Sounds like a good idea.
Tim Starling wrote:
Profiling on Wikimedia currently gives 47ms for startup, including at least 8ms for extensions. This is too slow.
Hmm... it would be a little nicer if we knew precisely what was causing that slowdown inside the startup. I know that MediaWiki has built in profiling calls, but have you tried a PHP-level profiler like APD yet?
We've used xdebug, but it will only give you a very small sample size, any more than a few requests and the files get too large to handle. Our own profiler can average over an arbitrary number of requests at quite a high sample rate. For a breakdown of Setup.php and CommonSettings.php, see
http://noc.wikimedia.org/cgi-bin/report.py?db=enwiki&sort=name&limit...
Pervasive lazy initialisation. Remove $wgUser, $wgLang and $wgContLang, replace them with wfGetUser(), wfGetLang() and wfGetContLang(). This brings them into line with the successful wfGetDB() interface. Simply returning the variable would be done by those functions, if it doesn't exist, then execution would pass to the relevant autoloaded module for initialisation. The same can be done for $wgTitle, $wgParser, $wgOut, $wgMessageCache... pretty much all the object globals. A version-independent accessor would be put in ExtensionFunctions.php, to support multi-version extensions. By deferring everything, we allow lightweight requests to get by without ever initialising a user object, or loading a language file.
It's probably a step in the right direction. But maybe it would be a better idea if we unified all these global object calls into a Registry object? (Perhaps this would be phasing them out that you described here: http://meta.wikimedia.org/w/index.php?title=Writing_a_new_special_page&d... )

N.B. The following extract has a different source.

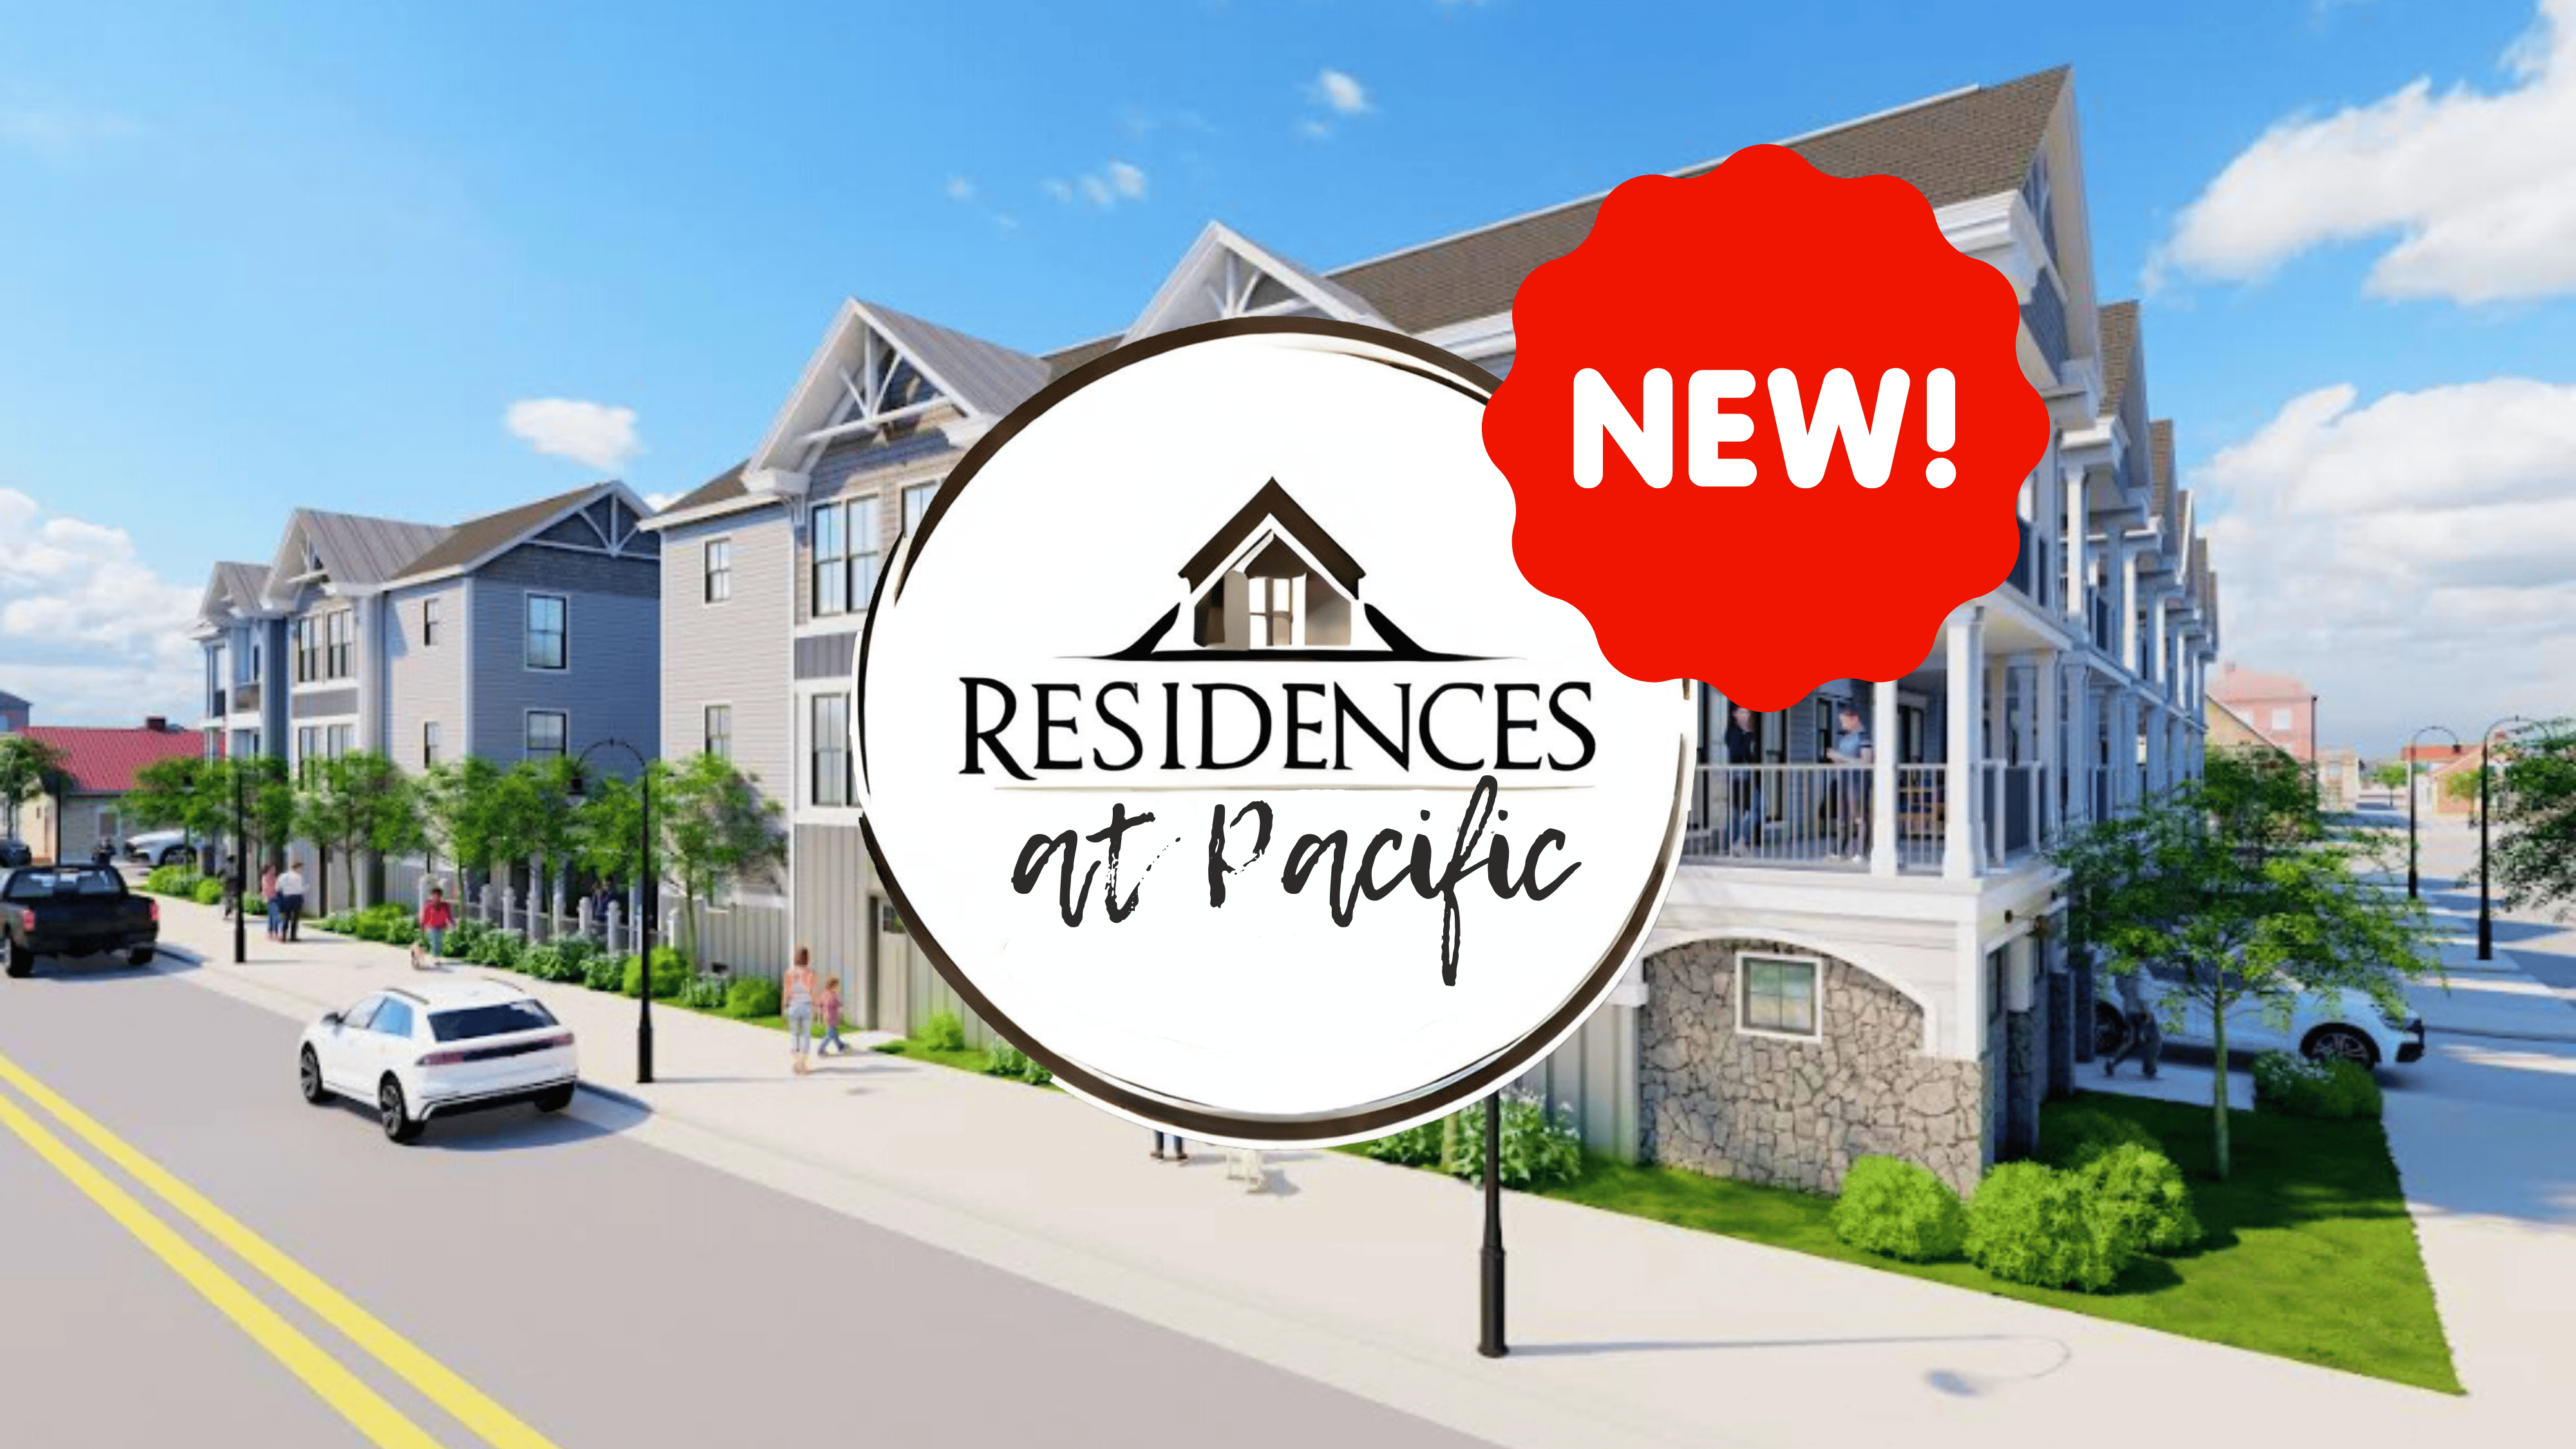 NEW - The Residences at Pacific

Sure, but that would require touching many more lines of code. We've found extract(unserialize(...)) to be quite fast. A configuration object would be useful if we wanted to operate on multiple wikis in the course of a single run, but that's complicated for lots of other reasons. In any case, the changes I'm proposing would be a useful step towards getting rid of configuration globals, it's not mutually exclusive.
Tim Starling wrote:
Cached module registration.
When you say "module" you mean, "extension", correct? So, essentially, we're finally going to structure the extensions into a much more orderly fashion. Sounds good.

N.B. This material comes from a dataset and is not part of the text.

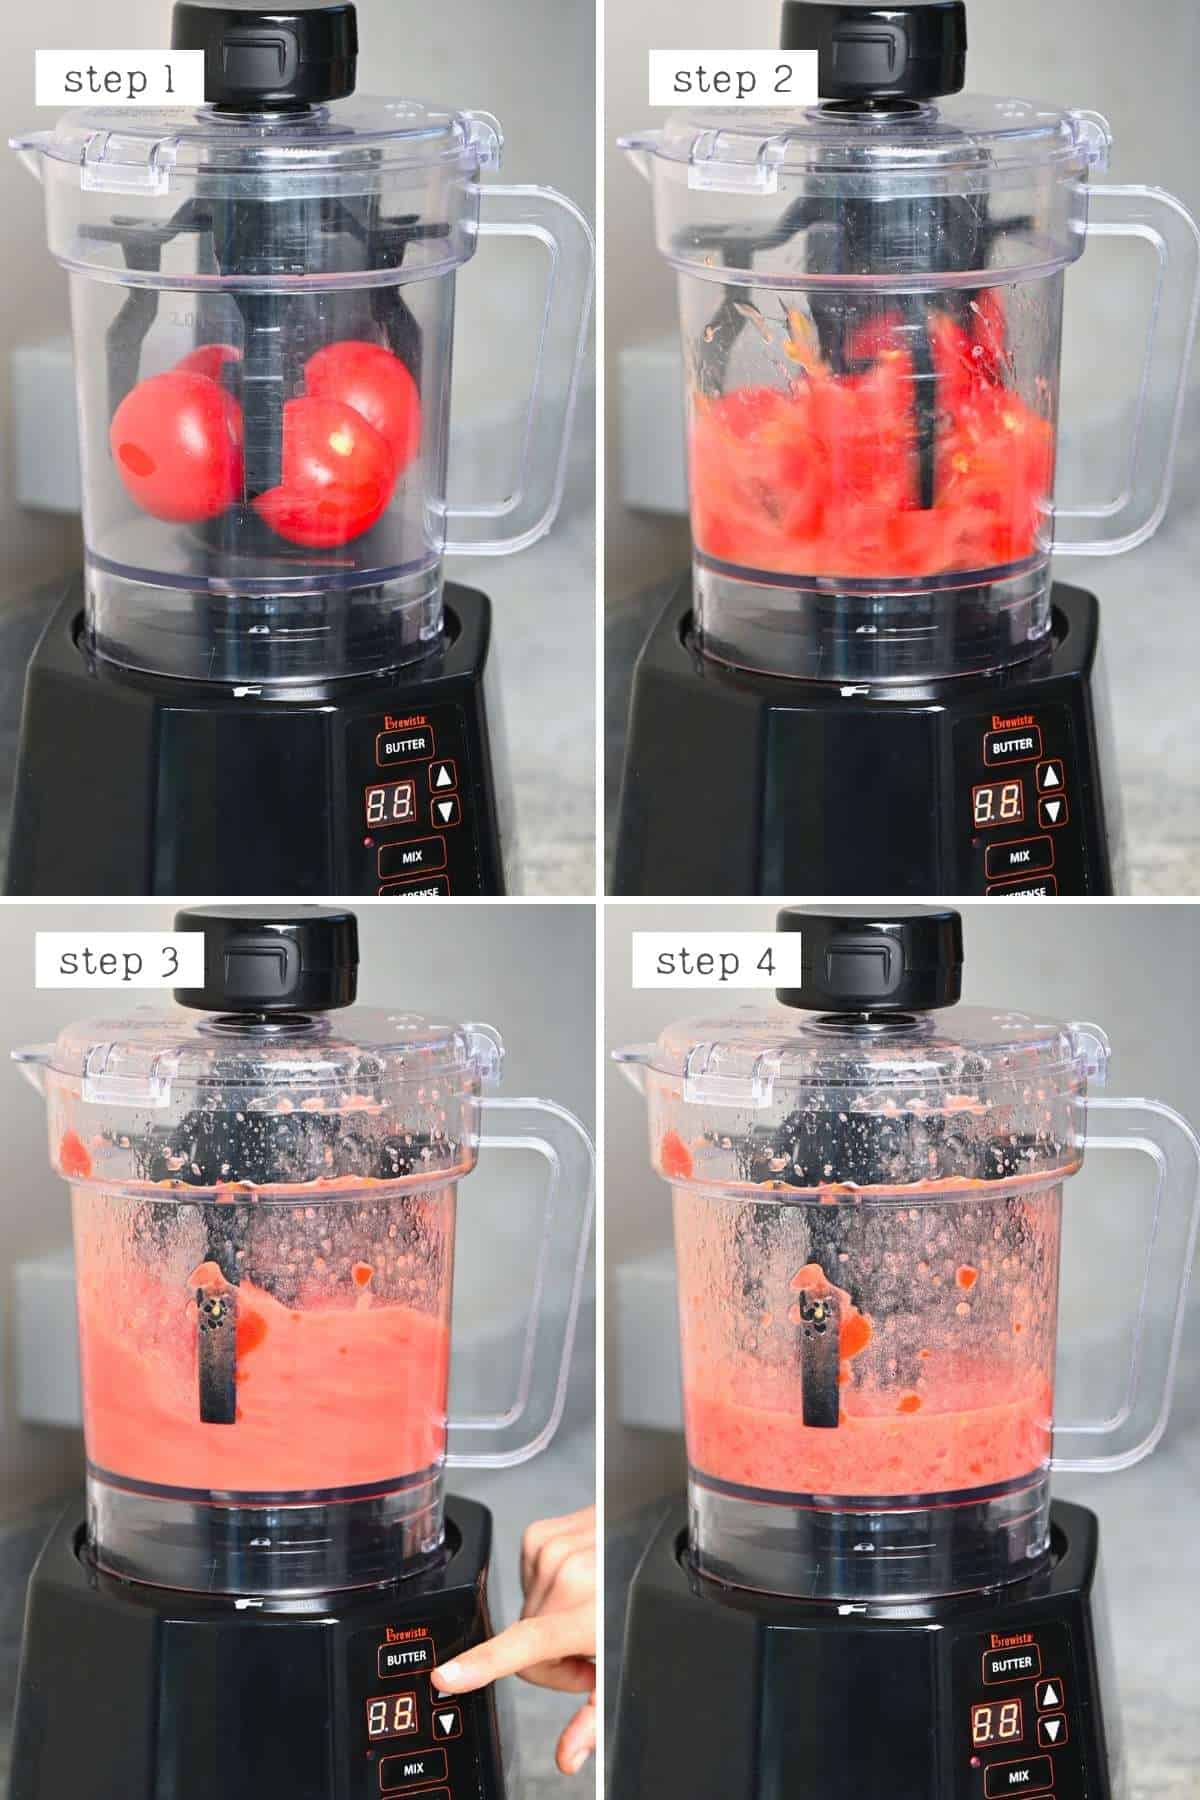 Making Tomato Juice With Your Juicer

A module, by my meaning, can be either part of the core or an extension. It's not about orderly fashions, it's about speed, and the changes I'm talking about would potentially have application to the core as well as the extensions.
Tim Starling wrote:
[on configuration]
I don't know enough about Wikimedia configuration to pass judgment here, but that sounds like a lot of code that hasn't been versioned.
The configuration cache is only 35 lines or so. The SiteConfiguration class, which is checked in, was designed to be easily cached. Still, it would be nice to get that capability into the main codebase, for improved offsite performance and easier development.
-- Tim Starling